Originally posted on http://www.vmware.com by Paige Handza

Public health and transportation, food distribution, security services, and financial services are among the critical infrastructure essential to a functioning society and economy.

In times of uncertainty such as the current Covid-19 crisis,financial institutions have to remain available to securely serve customers. That puts pressure on financial services IT professionals to not only keep services operational, but workforces productive, too.

Revenue and customer service are depending on IT. So are the bankers and insurers that continue to be working to bring customers appropriate and reliable services which in almost every case, requires access to financial services IT systems.

Although this event is unprecedented in its scope and expected duration, financial services IT teams worldwide have weathered emergencies before—from H1N1 to earthquakes, hurricanes, and bushfires. And every institution has both a business continuity and disaster recovery plan in preparation for these types of scenarios. The questions on everyone’s mind now is did these plans think big enough and then just how robust was the preparation and how well tested was the plan? And if the answer is you’re not sure, keep reading.
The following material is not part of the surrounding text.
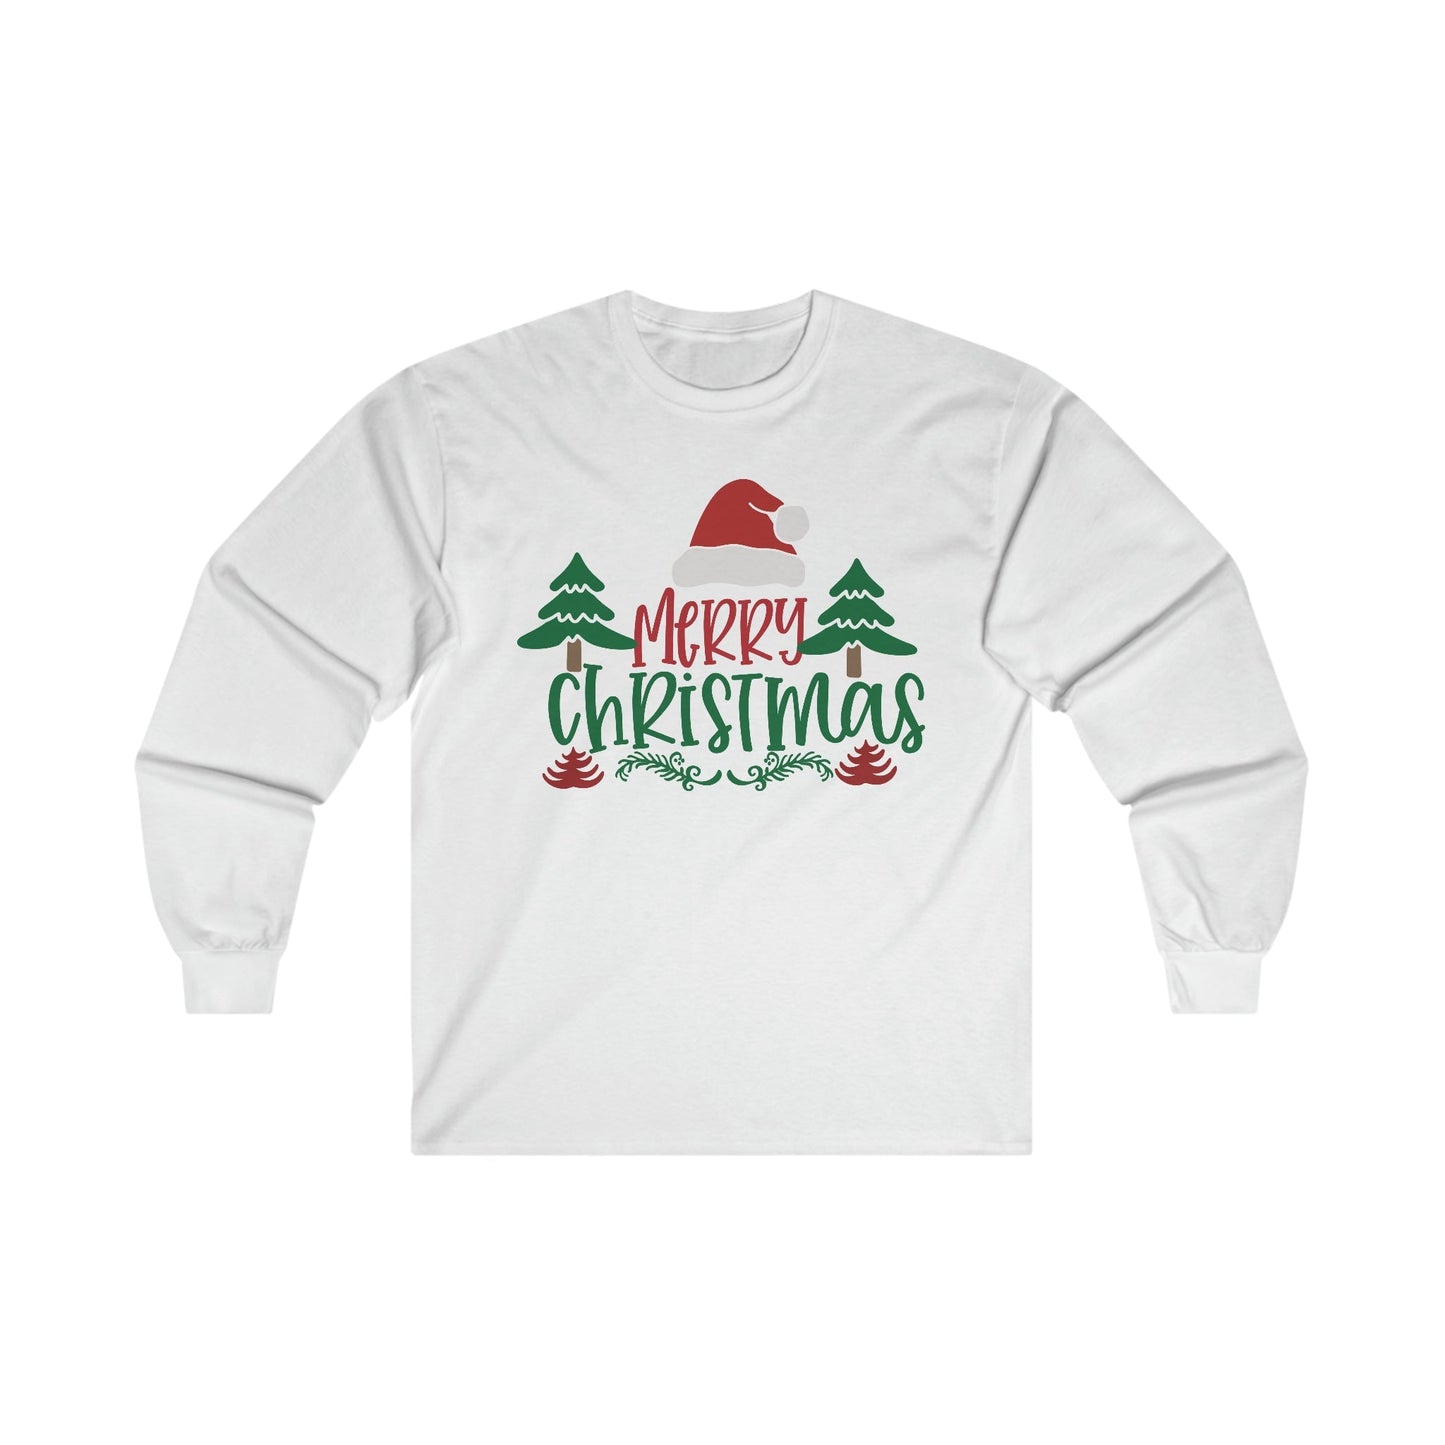 Christmas Long Sleeve T-Shirt - Merry Christmas - Cute Christmas Shirts - Youth and Adult Christmas Long Sleeve TShirts Long Sleeve T-Shirts Graphic Avenue White Adult Small

We checked in with a former executive at one of the world’s largest banks Matthew O’Neill who has been advising customers on response efforts to get his perspective on the current situation. To understand what steps IT organizations can take today to continue to support customer experiences, in person and online, while keeping workers safe and productive. All without compromising data privacy and compliance. Matthew is VMware’s Financial Services Industry Managing Director in the Office of the CTO.

The Q&A below is edited from an interview for clarity and flow.

Q: Matthew, thank you for taking time to discuss financial services’ emergency response. Can you describe some of the challenges you’re currently hearing from customers?

A: Depending on their operations, IT leaders have shared these concerns:

  • Business Continuity– The stage of this pandemic is already greater than anything IT had previously planned to address, and it’s expected to get worse. IT is concerned about quickly ramping up existing digital workspace and virtual desktop capabilities for more employees in positions used to having them, such as financial advisors and head office employees working remotely, while also rapidly deploying new ones so more staff can safely and securely work from home.
  • Operational Resilience– Teams have mobilized to better understand, secure, and protect the integrity of end-to-end services beyond their traditional experiences. They want to assess more resiliency options, as well changes to organizations and processes while mitigating risk.
  • Optimizing performance– With many more customers and employees remotely accessing bank applications, there are more questions about reliability, remote connections, and last-mile networking constraints.
  • Bursting capacity– IT is looking at hybrid and public cloud solutions as ways to potentially handle changing capacity demands of their existing applications due to increased digital volumes, contact center demands, increased automation, and the rapid onboarding of additional remote workers including financial advisors.
  • Elevated risk– Some are concerned about new threats and a potential rise in fraud, not just from increased endpoints but from an uptick in illegal transactions should criminals find a way to take advantage of nervous or more vulnerable customers. This is what I have been calling,“Tech for Bad”.
  • Operating the business as usual– Even routine tasks such as keeping the lights on and staying on top of change programs can be challenging with so much of the workforce at home. Many are interested in talking about new ways to work and collaborate across more teams, including those working to modernize application development and delivery.
  • Blockchain– As expected, there are very few inquiries about blockchain now, but digital payments, touch payments, and to an extent, crypto currency, are all being mentioned in virtual watercooler “is this the end of cash”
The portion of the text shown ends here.